Co najbardziej utkwiło panu w pamięci?

Z tej wojny zapamiętam niejedno, bo poza tym, że jestem lekarzem, dokumentuję fotograficznie to, co widzę, na potrzeby dawania świadectwa zbrodniom wojennym. Najbardziej w pamięci utkwią mi chyba alarmy lotnicze, przez które trzeba schodzić do piwnic. Widok dzieci z nowotworami, które w piwnicach szpitala we Lwowie przebywają z matkami, jest dramatyczny.

Jako lekarz uczestniczył pan w misjach medycznych m.in. na Bliskim Wschodzie. Czym to, co dzieje się za naszą południowo-wschodnią granicą, różni się od tamtych wydarzeń?

To jest konflikt na wielką skalę, w który z jednej strony zaangażowane jest mocarstwo nuklearne, a z drugiej – duże państwo, liczące do niedawna ok. 44 milionów ludności. W Ukrainie są elektrownie atomowe, a skala exodusu ludności jest największa od zakończenia II wojny światowej. Determinacja wśród Ukraińców jest niebywała, wokół panuje niesłychana mobilizacja do obrony kraju. To wojna na śmierć i życie. Myślę, że wygląda to tak, jakbyśmy się cofnęli do lat 40. ubiegłego stulecia, a te wydarzenia dzieją się przecież u naszych sąsiadów teraz, w XXI wieku. Wojna w Ukrainie stanowi największe zagrożenie dla naszego kraju od zakończenia II wojny światowej. Poza tym Lwów, do którego przyjechałem na początku rosyjskiej agresji, jest historycznie polskim miastem, gdzie do dziś na wielu budynkach zachowały się polskie napisy.

Jak bardzo widać wsparcie z Polski na miejscu?

Pomoc płynącą z naszego kraju widać naprawdę bardzo wyraźnie.
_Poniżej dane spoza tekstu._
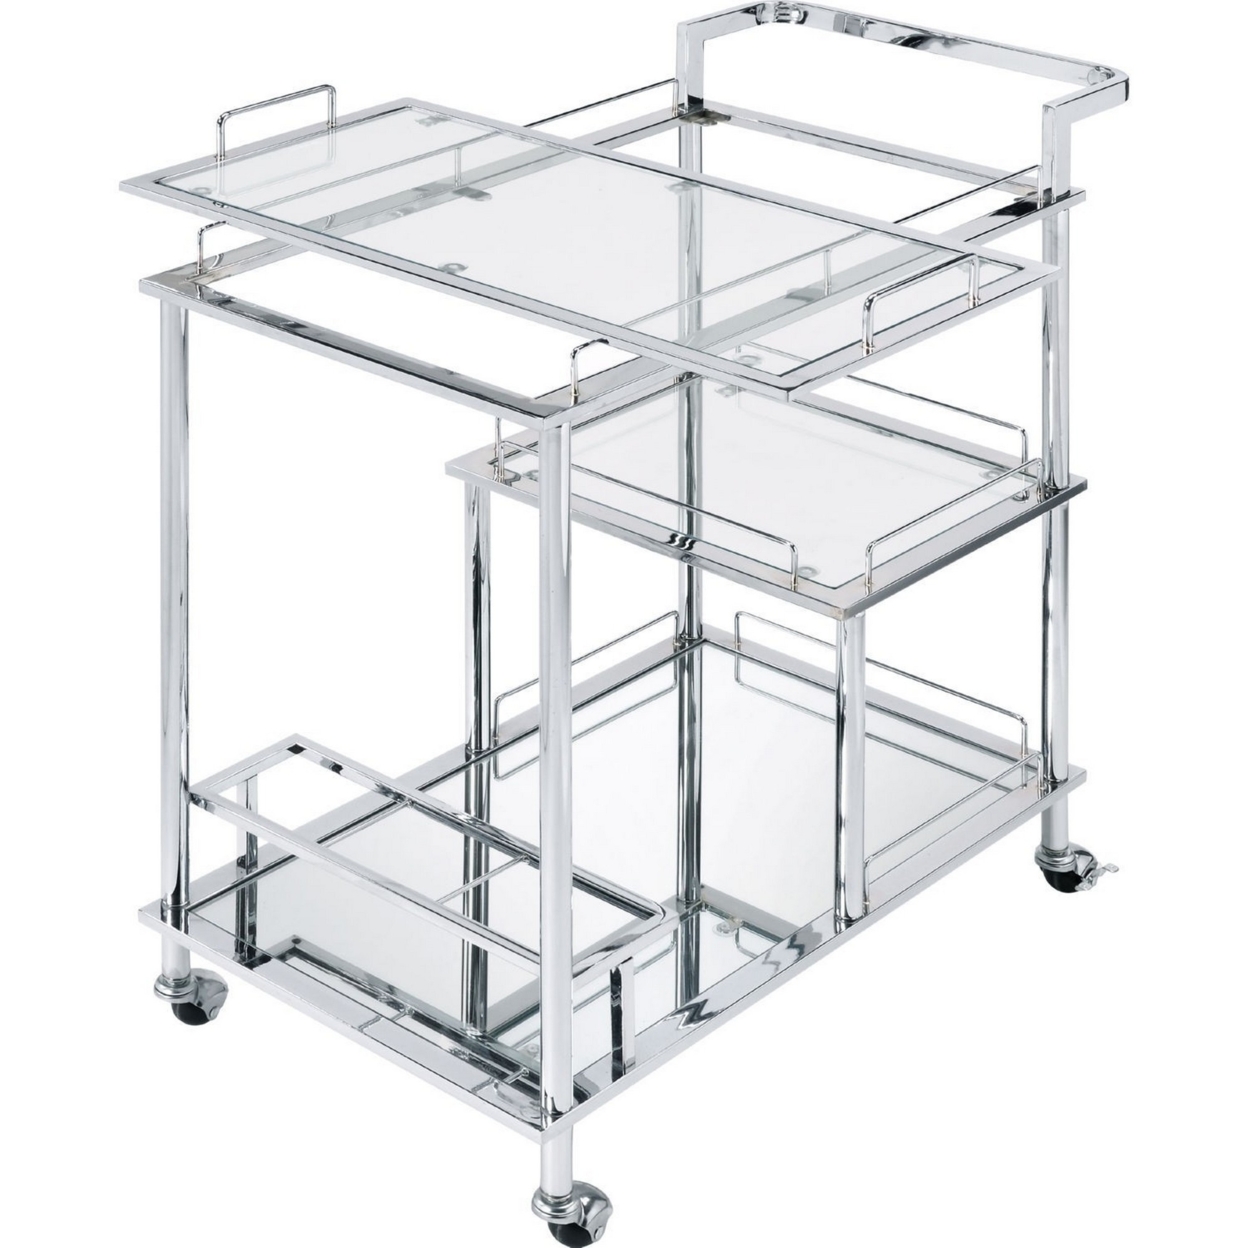 3 Tier Serving Cart With Glass Shelves And Metal Frame, Chrome- Saltoro Sherpi

Dostaję mnóstwo telefonów z pytaniami, na przykład czego brakuje, w jaki sposób można pomóc czy gdzie przyjechać po dzieci. Korzystając z okazji, chciałem zaapelować: pomoc dla Ukrainy powinna być realizowana w ramach zorganizowanych projektów, a nie na własną rękę, bo z tego może być później więcej szkody niż pożytku. O ile ktoś nie jest umówiony z konkretnymi osobami z Ukrainy, to nie powinien podejmować samodzielnie chaotycznych decyzji, które naszym dyplomatom dołożą dodatkowych obowiązków.